Fingerprints do not use a predefined pattern dictionary, the encoded fragments are enumerated exhaustively. Since the number of possible patterns present in molecular structures is extremely large, it is impractical to assign a particular bit to each unique pattern, as in the case of structural key method. Instead, each pattern is subjected to a hashing function that logically OR into the fingerprint. The usage of hashing inherently results in overlap of some structural patterns.

LINGO

LINGO is a very fast text-based molecular similarity search method. It is based on fragmentation of canonical isomeric SMILES strings into overlapping substrings.

MACCS

MACCS is a 166 bit-long structural key descriptor in which each bit is associated with a specific structural pattern.

popcount

Popcount refers to the procedure of counting the number of ones set in a bit string. It is available as a hardware instruction on many modern processors and can be used as an alternative to software-based counting methods to speed up fingerprint operations.

SMARTS

SMARTS is a language that allows specifying substructures by providing a number of primitive symbols describing atomic and bond properties. Atom and bond primitive specifications may be combined to form expressions by using logical operators. An introduction to SMARTS syntax is provided in SMARTS Pattern Matching. For more information go to http://www.daylight.com/dayhtml/doc/theory/theory.smarts.html

SMILES

A SMILES string represents a molecule by describing only its molecular graph (i.e. atoms and bonds in the connection table, but no chiral or isotopic information). There are usually a large number of valid SMILES which represent a given structure. For example, CCO, OCC and C(O)C all specify the structure of ethanol. For generating an arbitrary SMILES string, use the OECreateAbsSmiString function.
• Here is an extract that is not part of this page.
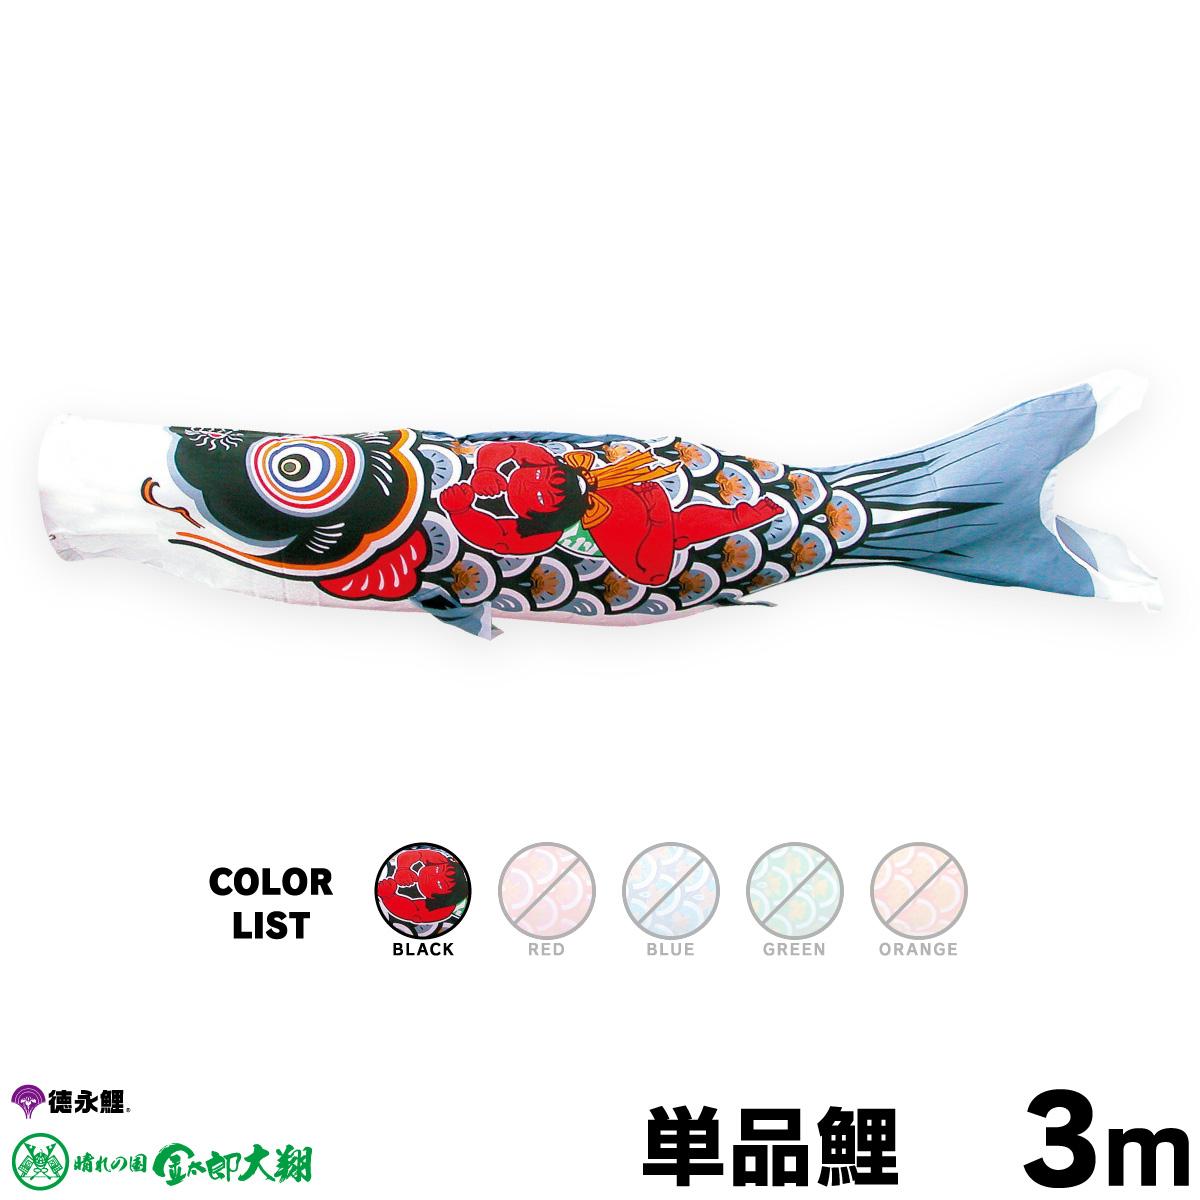 【こいのぼり 単品】 金太郎太翔 3m 単品鯉 黒

For more information go to http://www.daylight.com/smiles/.

structural key

A structural key is a fixed-length bitstring in which each bit is associated with a specific molecular pattern. When a structural key is generated for a molecule, the bitstring encodes whether or not these specific molecular patterns are present or absent in the molecule. The performance of such keys depends on the choice of the fragments used for constructing the keys and the probability of their presence in the searched molecule databases.